Instructions to follow =>
Nothing below is to be printed except the lines between the line holding "FACES CANADA Set" and the line holding "Method for controlling", inclusive, each exactly as it appears.

The data =>

::::::::

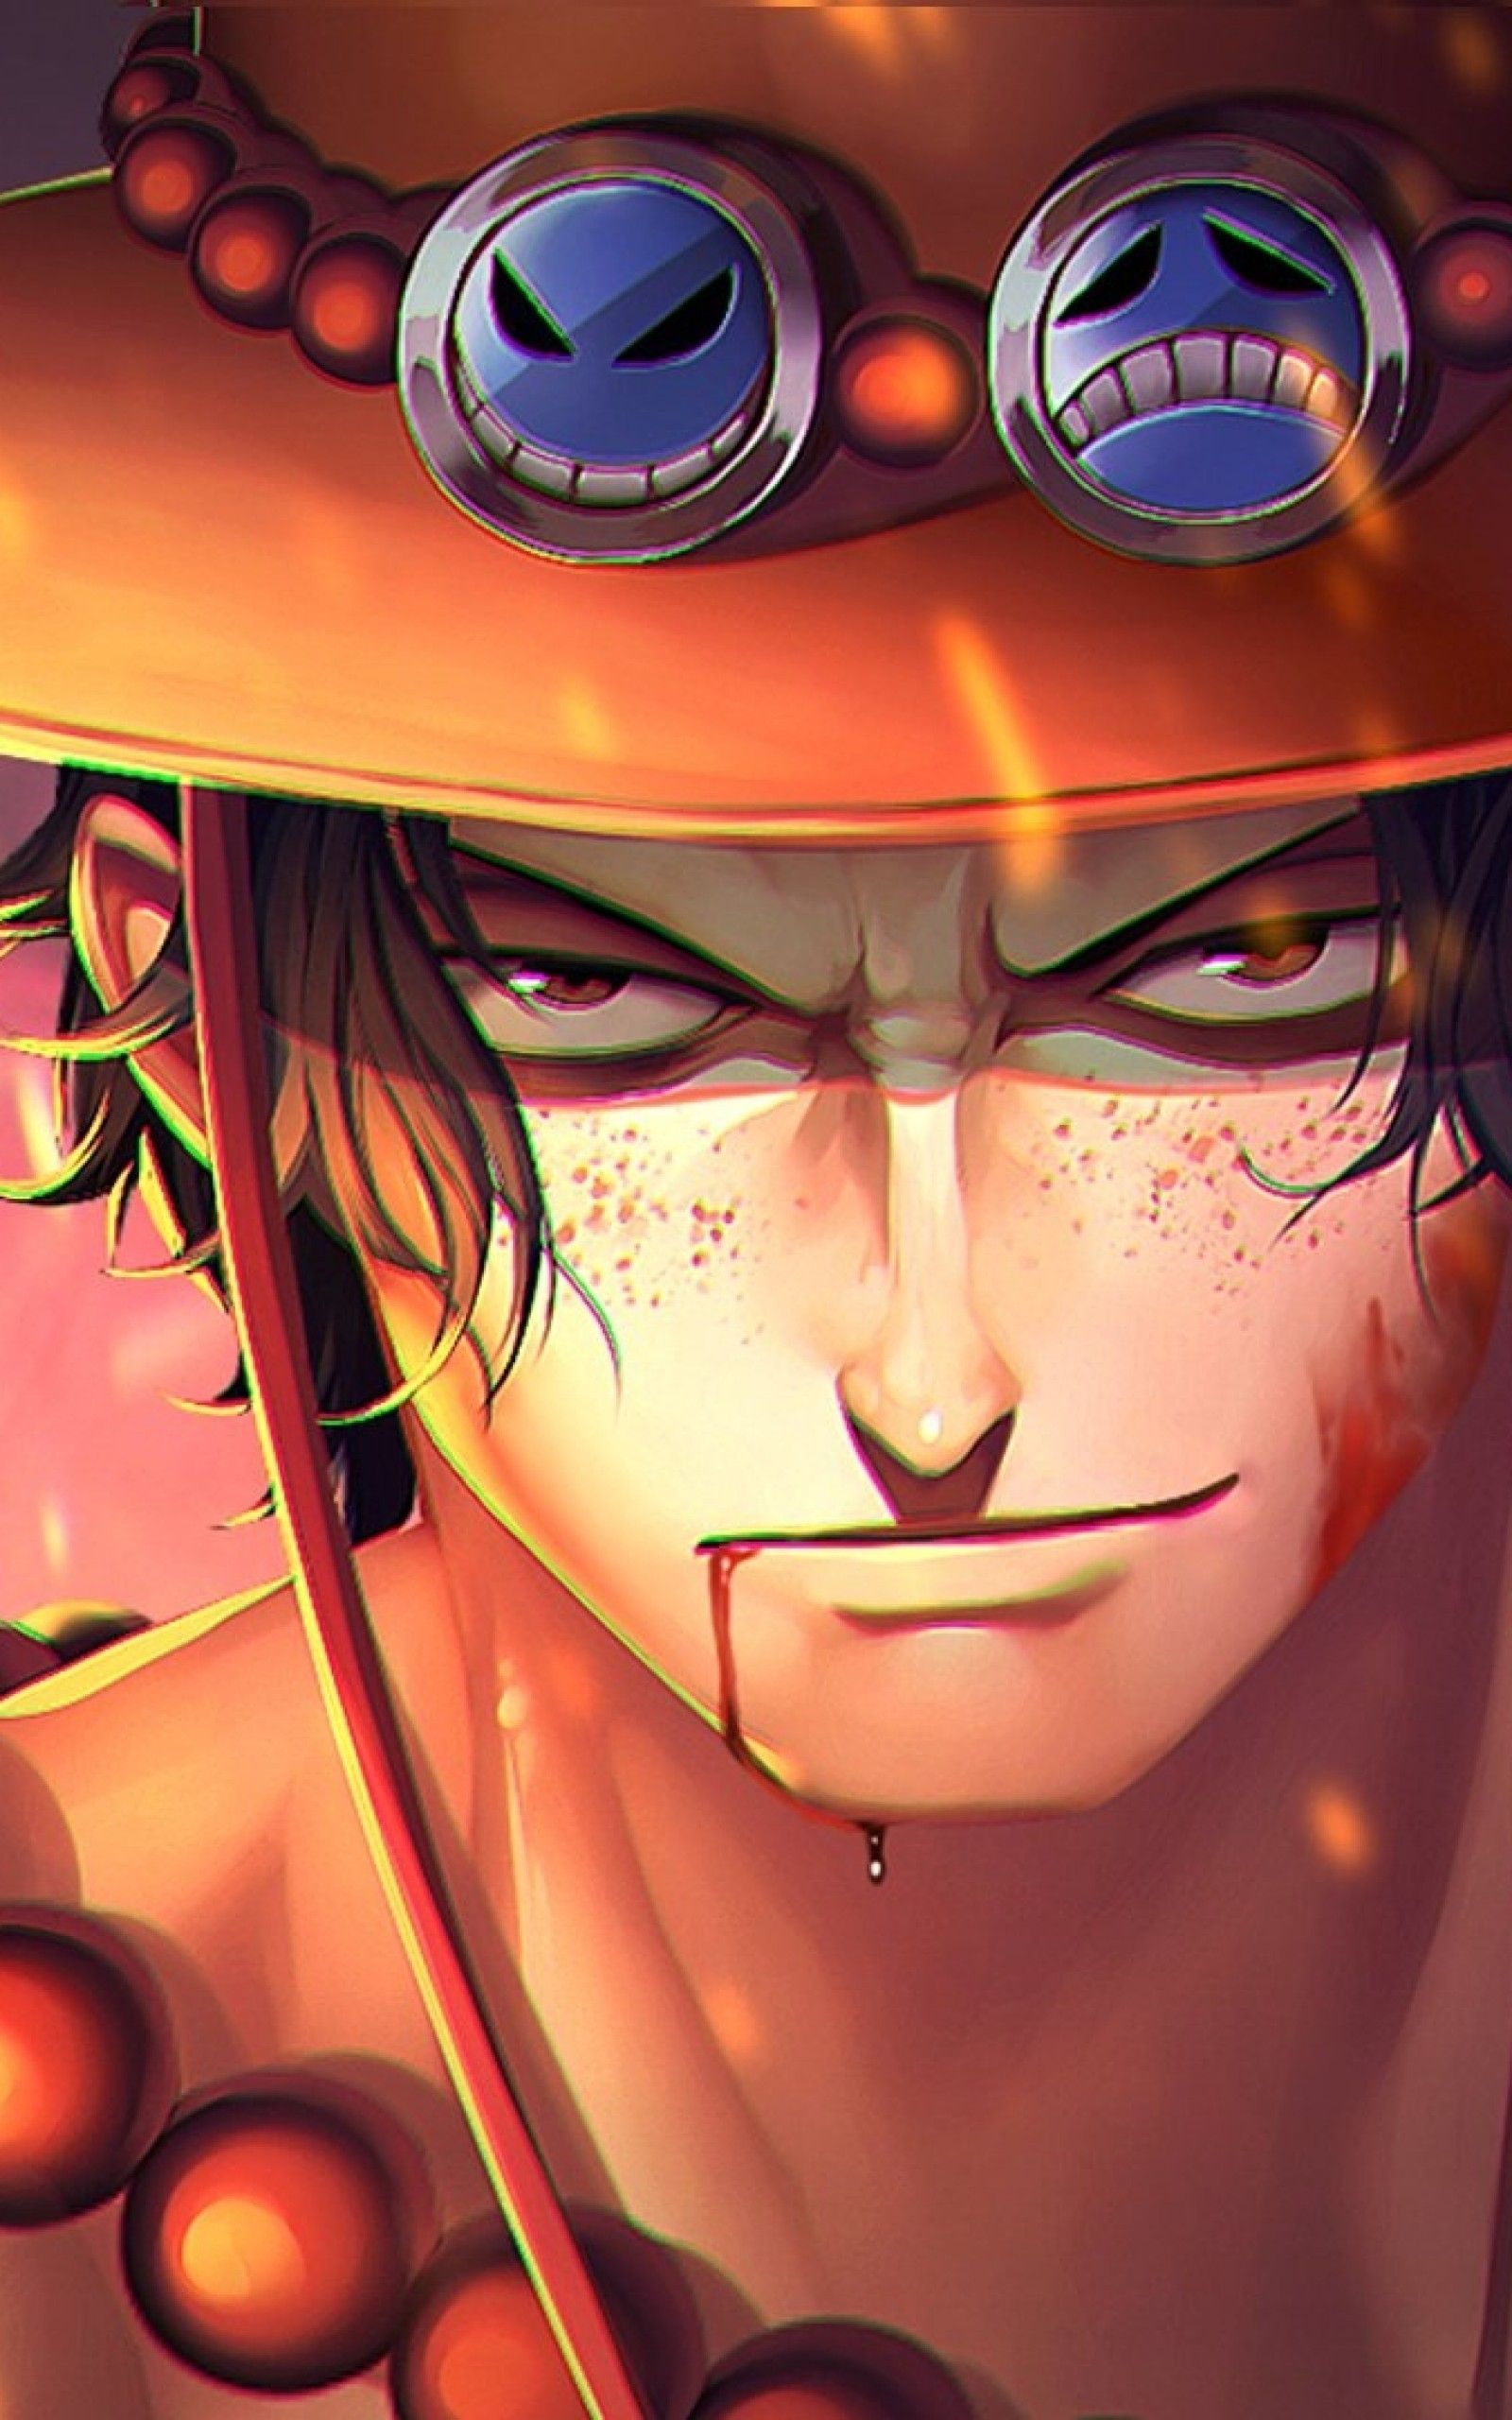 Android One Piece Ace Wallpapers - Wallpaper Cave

::::::::

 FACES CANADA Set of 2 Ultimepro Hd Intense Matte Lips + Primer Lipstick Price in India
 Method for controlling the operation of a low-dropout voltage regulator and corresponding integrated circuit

::::::::

Finished task =>
 FACES CANADA Set of 2 Ultimepro Hd Intense Matte Lips + Primer Lipstick Price in India
 Method for controlling the operation of a low-dropout voltage regulator and corresponding integrated circuit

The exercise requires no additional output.